Data for the task »
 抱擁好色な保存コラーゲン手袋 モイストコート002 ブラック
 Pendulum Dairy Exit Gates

...

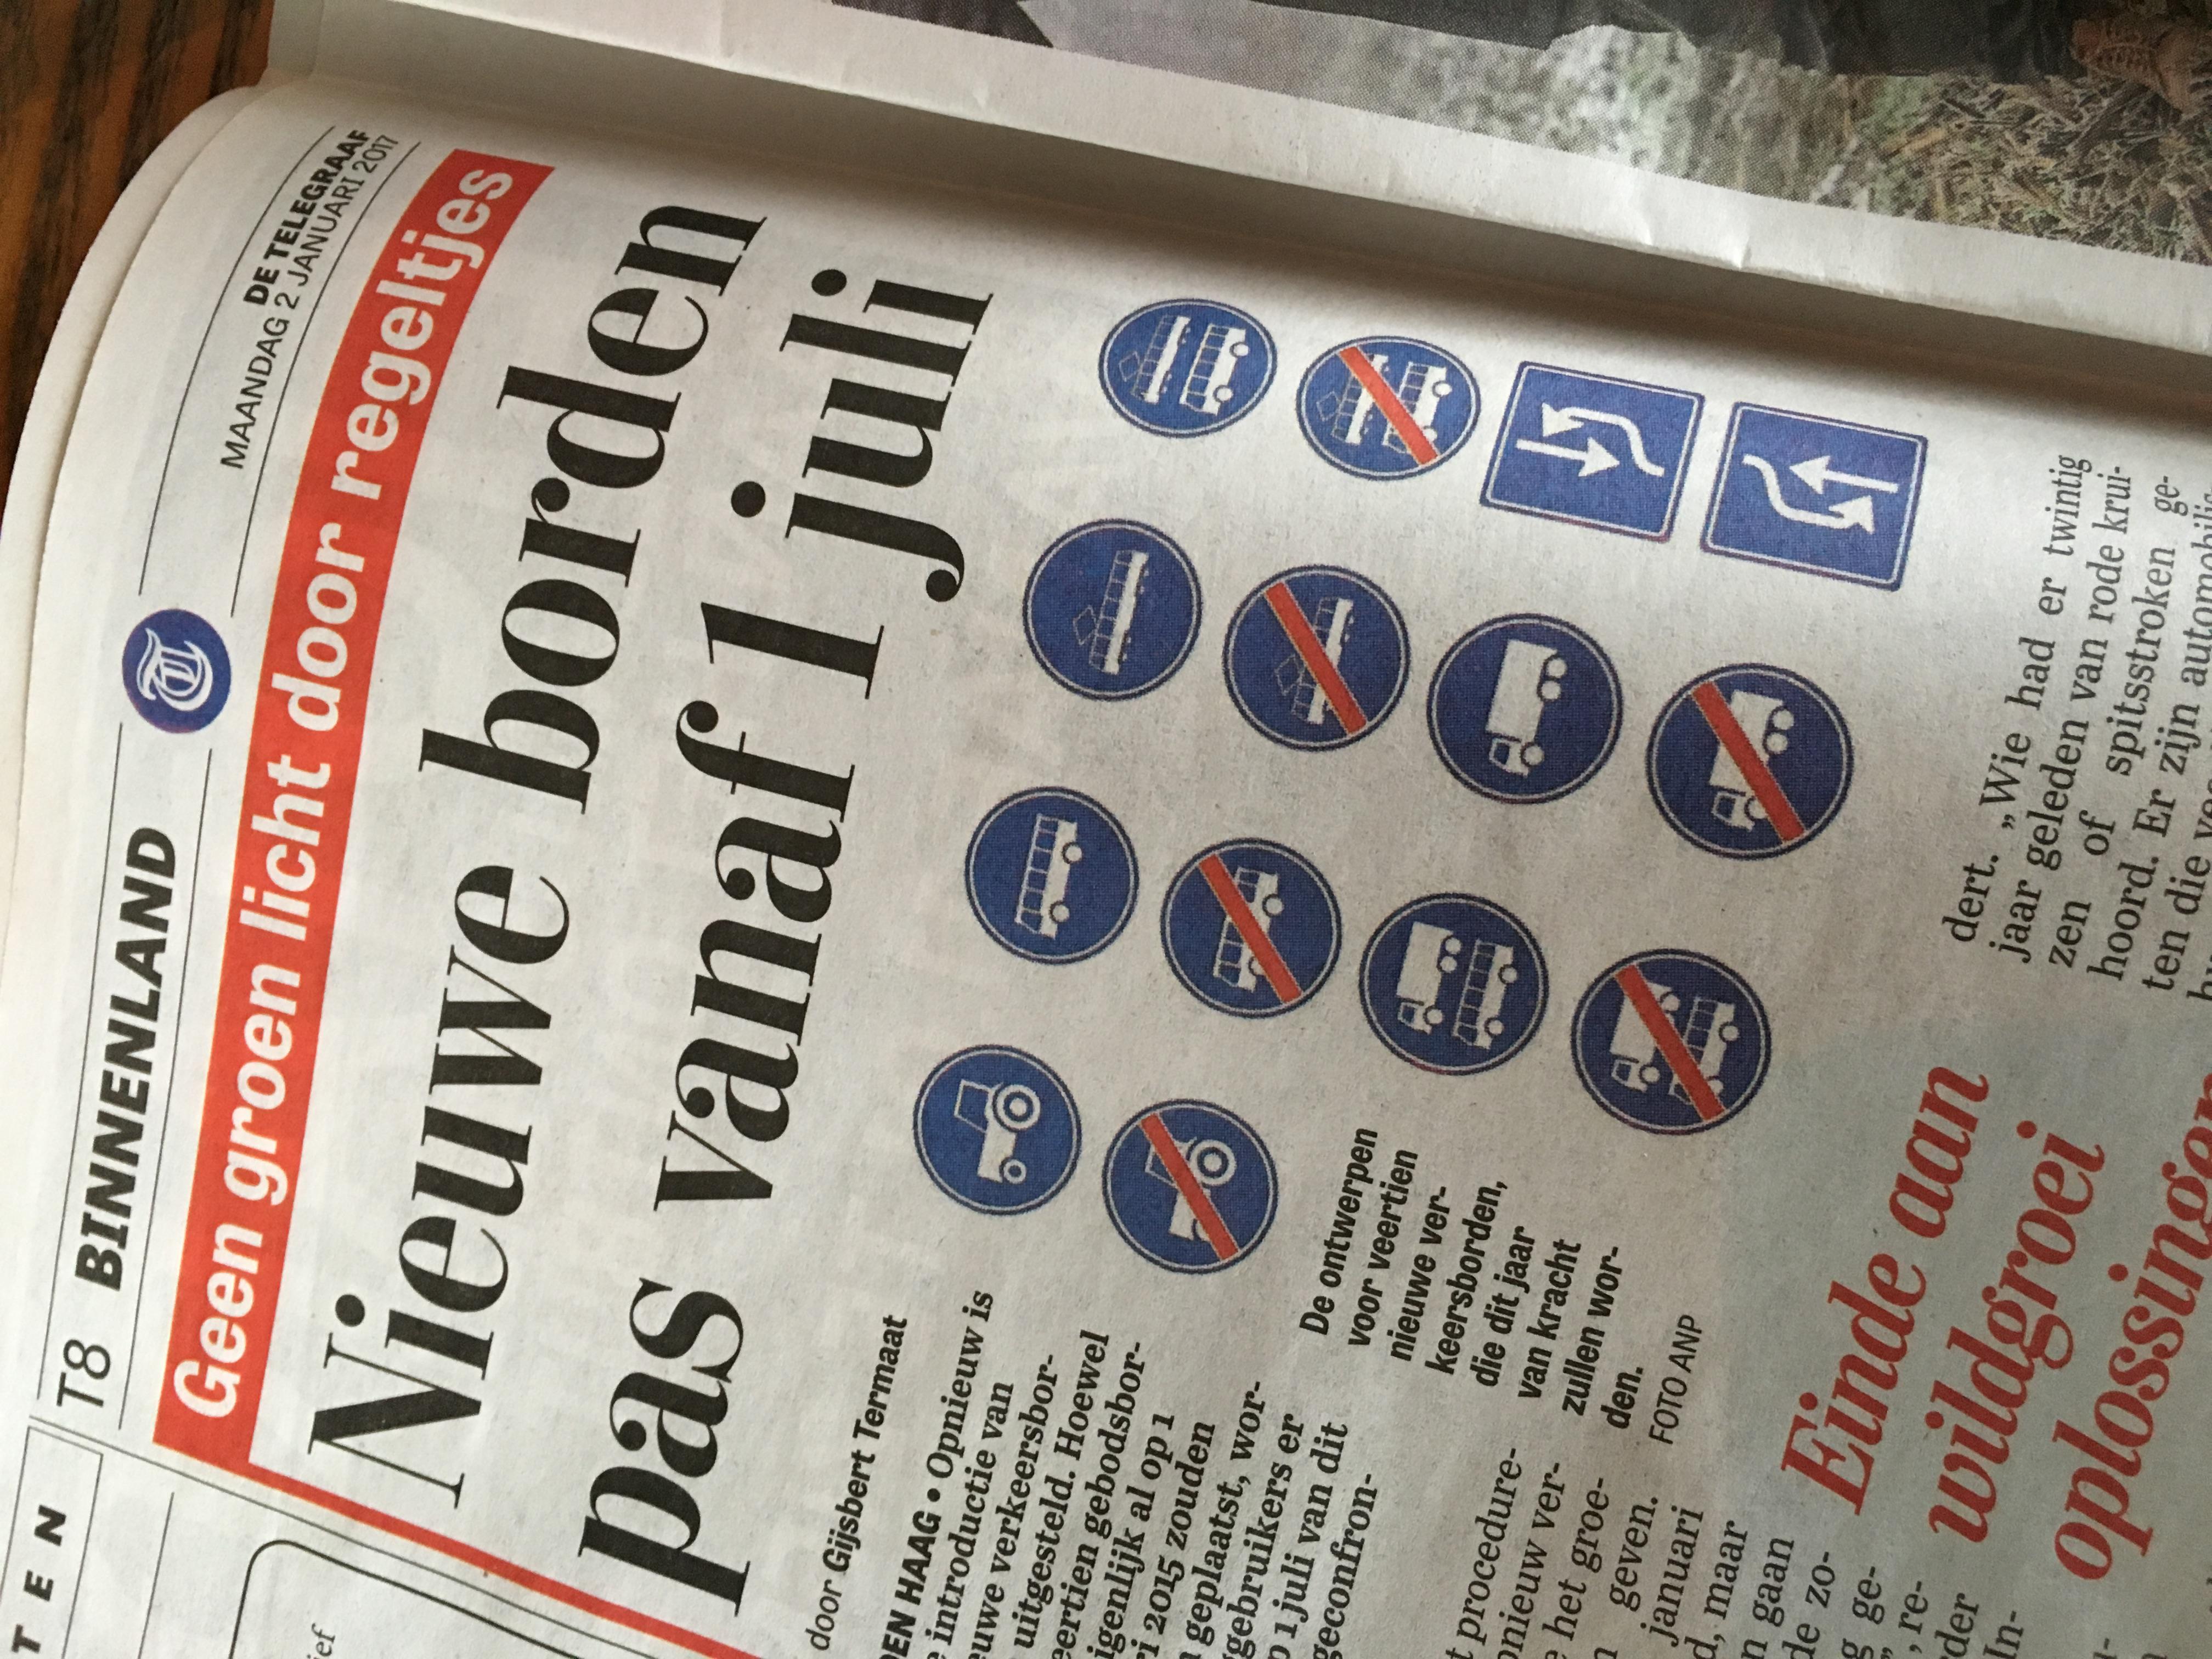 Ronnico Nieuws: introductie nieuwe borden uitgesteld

Your goal » Only the lines above starting at the one containing "抱擁好色な保存コラーゲン手袋 モイストコート002 ブラック" and ending at the one containing "Pendulum Dairy Exit Gates", both included, are to be returned, exactly as they read.

Result »
 抱擁好色な保存コラーゲン手袋 モイストコート002 ブラック
 Pendulum Dairy Exit Gates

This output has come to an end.